In Agadez gibt es einen Aussichtspunkt. Das ist der Aussichtsturm am Hotel des Friedens, mitten in der Wüstenstadt gelegen. Agadez von oben: wenige asphaltierte Straßen. Auf den meisten Sandwegen wirbeln Staubwolken, die vom permanenten Wind aus der Wüste durch die Stadt geweht werden. Das sandfarbene Minarett der alten Moschee ragt aus den Beige-Tönen der Häuser heraus. 27 Meter hoch, aus Lehmziegeln gemauert, vor fast 500 Jahre gebaut. Drumherum die Altstadt.
Vom Turm aus muss man nicht weit blicken, um die Wüste zu sehen. Flach, sandig, staubig, endlos. Die Wüste umschließt die Stadt. Agadez war und ist eine Karawanserei. Ein Wüstenort, der vom Handel lebt.
Wie viele Menschen hier leben, darüber machen die Einheimischen unterschiedliche Angaben. 130.000 ist oft zu hören, etliche sagen, es seien mittlerweile 200.000 Menschen. Fest steht, dass viele Menschen nach Agadez kommen, die auf der Durchreise sind. Das habe Tradition, sagt der Bürgermeister von Agadez. Rhissa Feltou residiert in einem sehr schlichten Büro. Spärliche Einrichtung. Drei einfache Stühle, ein Schreibtisch mit der Staatsflagge von Niger darauf.

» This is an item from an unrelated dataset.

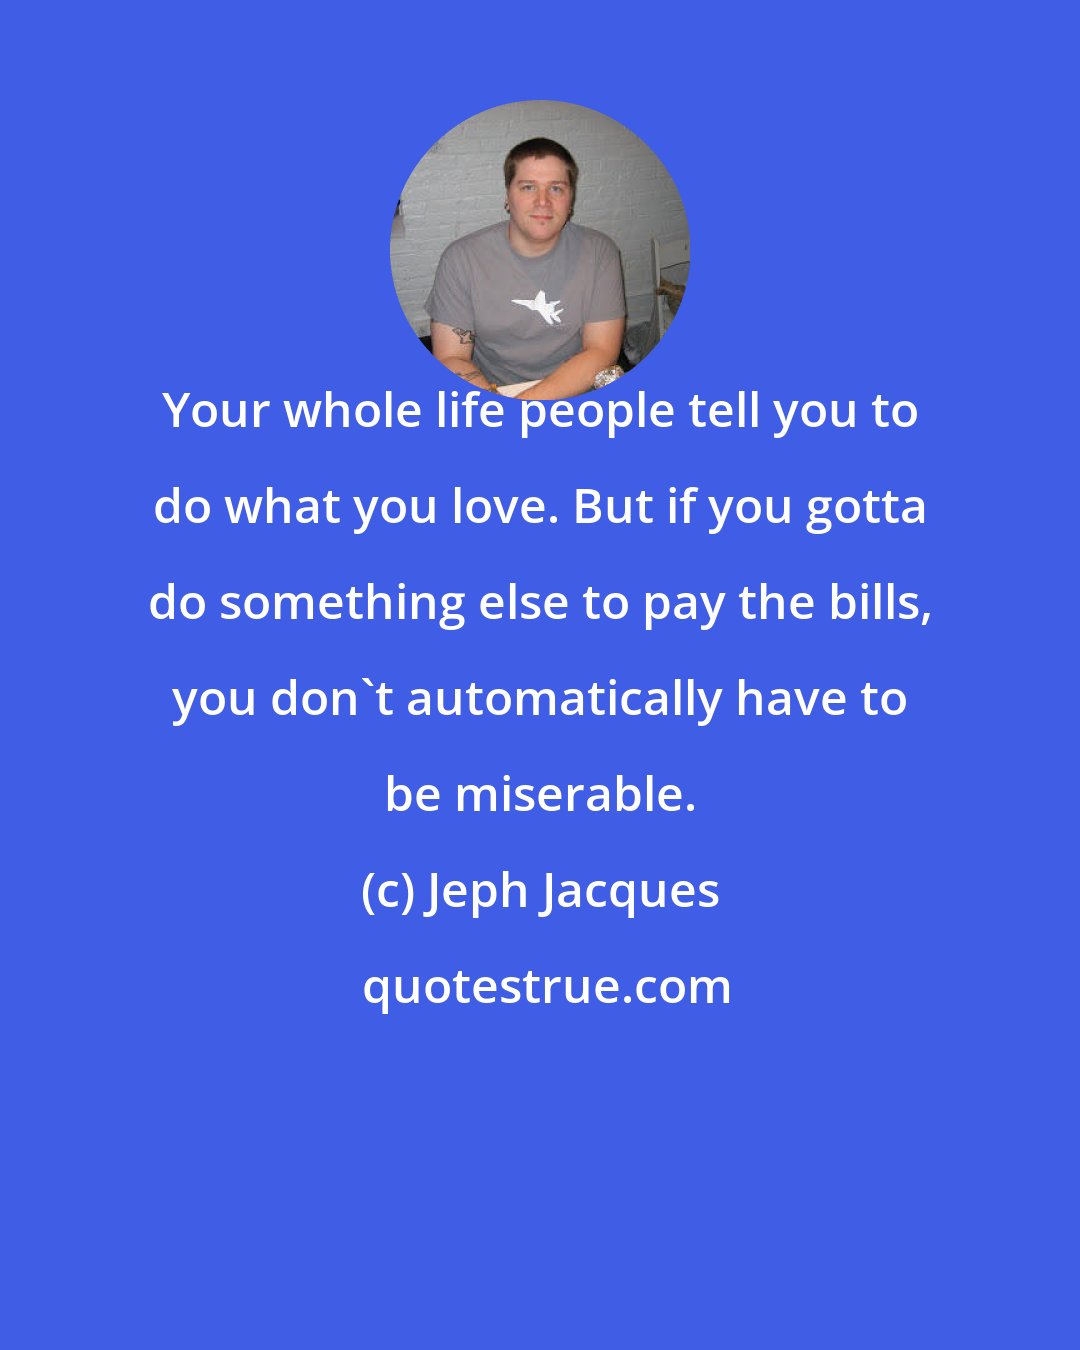 Jeph Jacques: Your whole life people tell you to do what you love. But if you gotta do something else to pay the bills, you don't automatically have to be miserable.

"Agadez ist das Zentrum von Niger. Die Kreuzung zwischen Schwarzafrika und Nordafrika."
Bürgermeister Rhissa Feltou trägt traditionelle Kleidung. Einen strahlend blauen Hosenanzug, den Kopf umschlungen von einem Toureg-Tuch, das auch den Mund bedeckt. Feltou stützt die Ellenbogen auf die Schreibtischplatte und versucht, seine Stadt zu beschreiben:
"Eine sehr alte Stadt, mit einer Kultur, die geprägt ist von der Durchreise, von der Migration. Eine Kreuzung für Menschen, die aus dem Süden früher mit Karawanen kamen. Heute kommen Autos und Flugzeuge. Agadez ist bekannt, weil es mal eine Etappenstadt der Rallye Paris – Dakar war. Damals, als wir pro Monat tausende Touristen hatten."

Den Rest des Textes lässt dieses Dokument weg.